Lenđel envisioned the band's third studio album as the group's farewell release – the album was entitled Zasviraj i za pojas zadeni, the title being a traditional saying which could be translated as Play Your Instrument, But Know When to Put It Aside, and the closing track on the album was entitled "Odlazi Teška Industrija" ("Teška Industrija Is Leaving"). After the album recording sessions ended, Lenđel left to serve his mandatory stint in the Yugoslav army, ending his work with the band. After his army service ended, he moved to Novi Sad, where he worked as a composer, producer and arranger. The rest of the group decided to continue performing together, but did not see large success. After the album release, they toured Poland during July 1978. Soon after the tour, the band ended their activity. After the group disbanded, Goran Kovačević worked with Laza Ristovski and Ipe Ivandić on their album Stižemo, and in the 1980s released two solo albums.
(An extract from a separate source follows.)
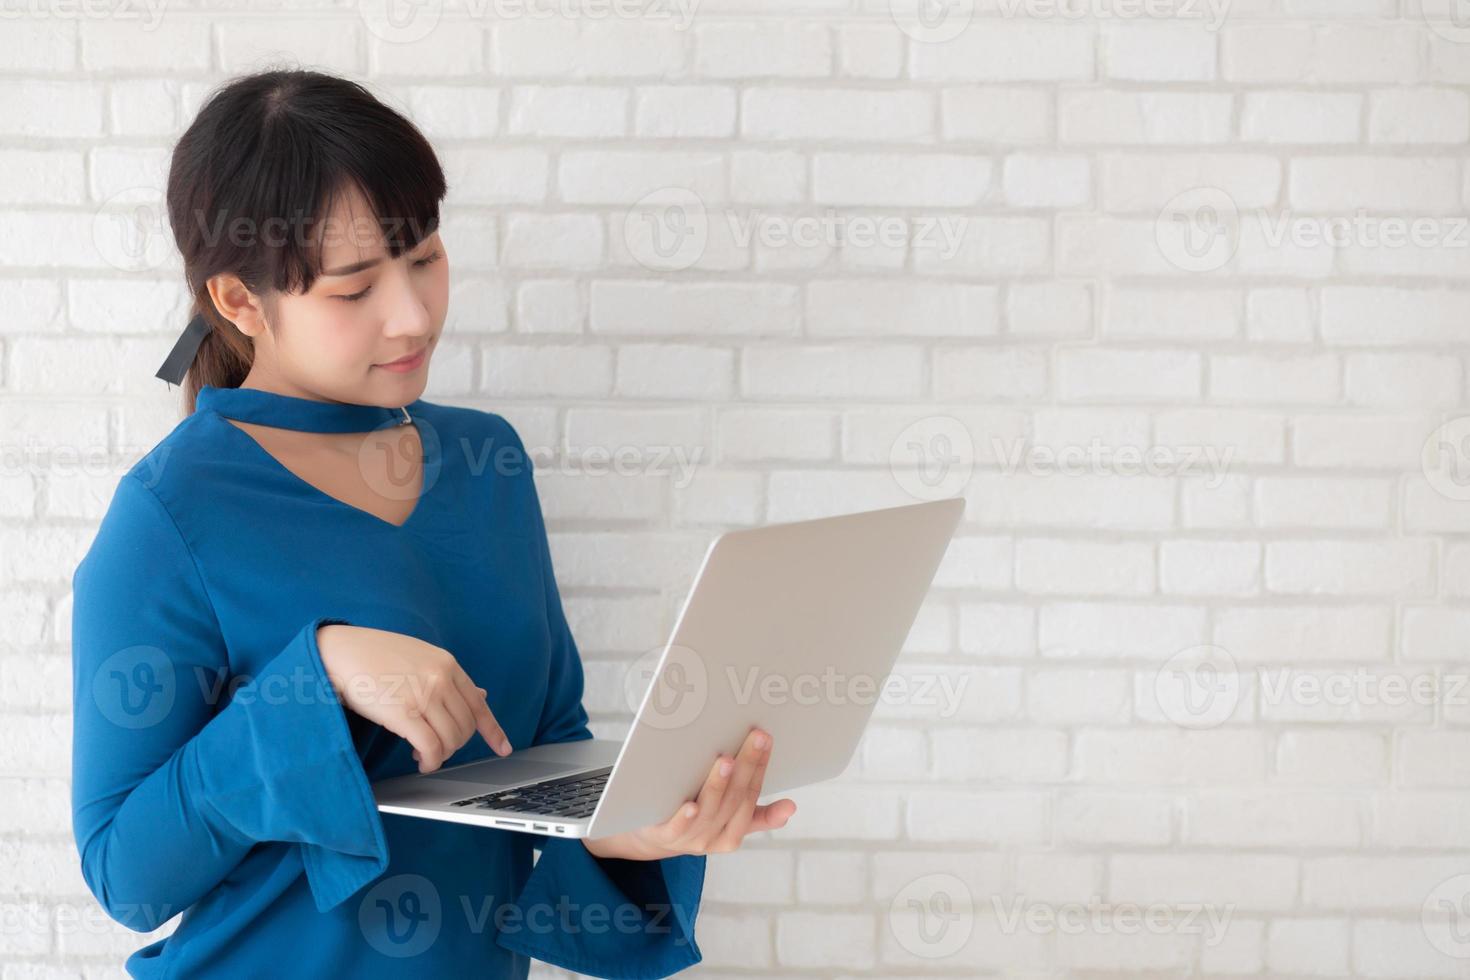 hermoso retrato mujer joven asiática sonríe usando una computadora portátil en el lugar de trabajo sobre fondo de cemento, chica feliz con la computadora en línea, estilo de vida y concepto de negocio independiente. foto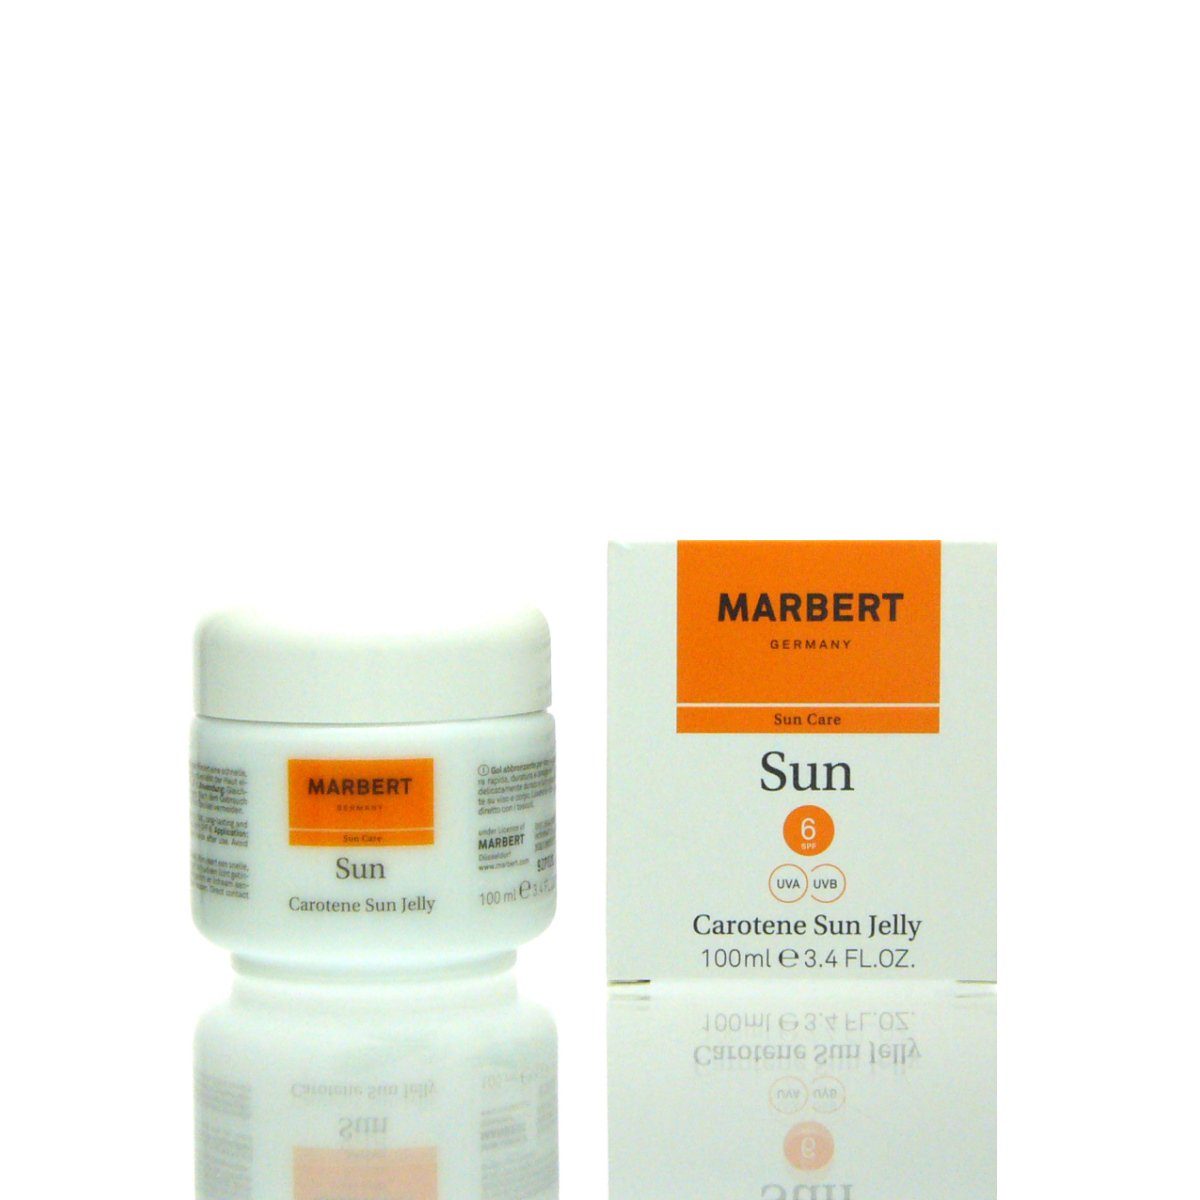 Sun ml Sun 100 6 Jelly Carotene Make-up Marbert Marbert SPF

===1984, 1991 and 1996 reformations===
In 1984, Hadžiavdić and Zoranić reformed the band. The new lineup featured Vedad Hadžiavdić on guitar, Munib Zoranić on drums, Narcis Lalić on vocals, Sead Trnka on bass guitar and Zoran Krga on keyboards. The new lineup released the album Ponovo sa vama (With You Again). The songs were composed by Hadžiavdić, and the lyrics were written by Hadžiavdić, Duško Trifunović, Husein Vladović and Mladen Vojičić Tifa. Despite commercial pop rock sound, the album failed to attract the attention of the audience, and soon after the album release the group disbanded for the second time.

In 1991, Hadžiavdić reformed the band once again. The new lineup featured Sead Trnka (bass guitar), Alen Mustafić (vocals), Đani Pervan (drums) and Dino Olovčić (keyboards). The band recorded the album Gospode ne daj da je sanjam (Lord, Don't Let Me Dream of Her). Released through minor record label Sound Galaxy in the wake of the Yugoslav Wars, the album saw little attention of the media, and the group disbanded for the third time.

After the end of the Yugoslav Wars, Hadžiavdić and Alen Mustafić released two studio albums, Sarajevska noć (Sarajevo Night) and Ruže u asfaltu (Roses in Asphalt), both in 1996 through Slovenian record labels in their attempt to revive the group, but these recordings saw little success.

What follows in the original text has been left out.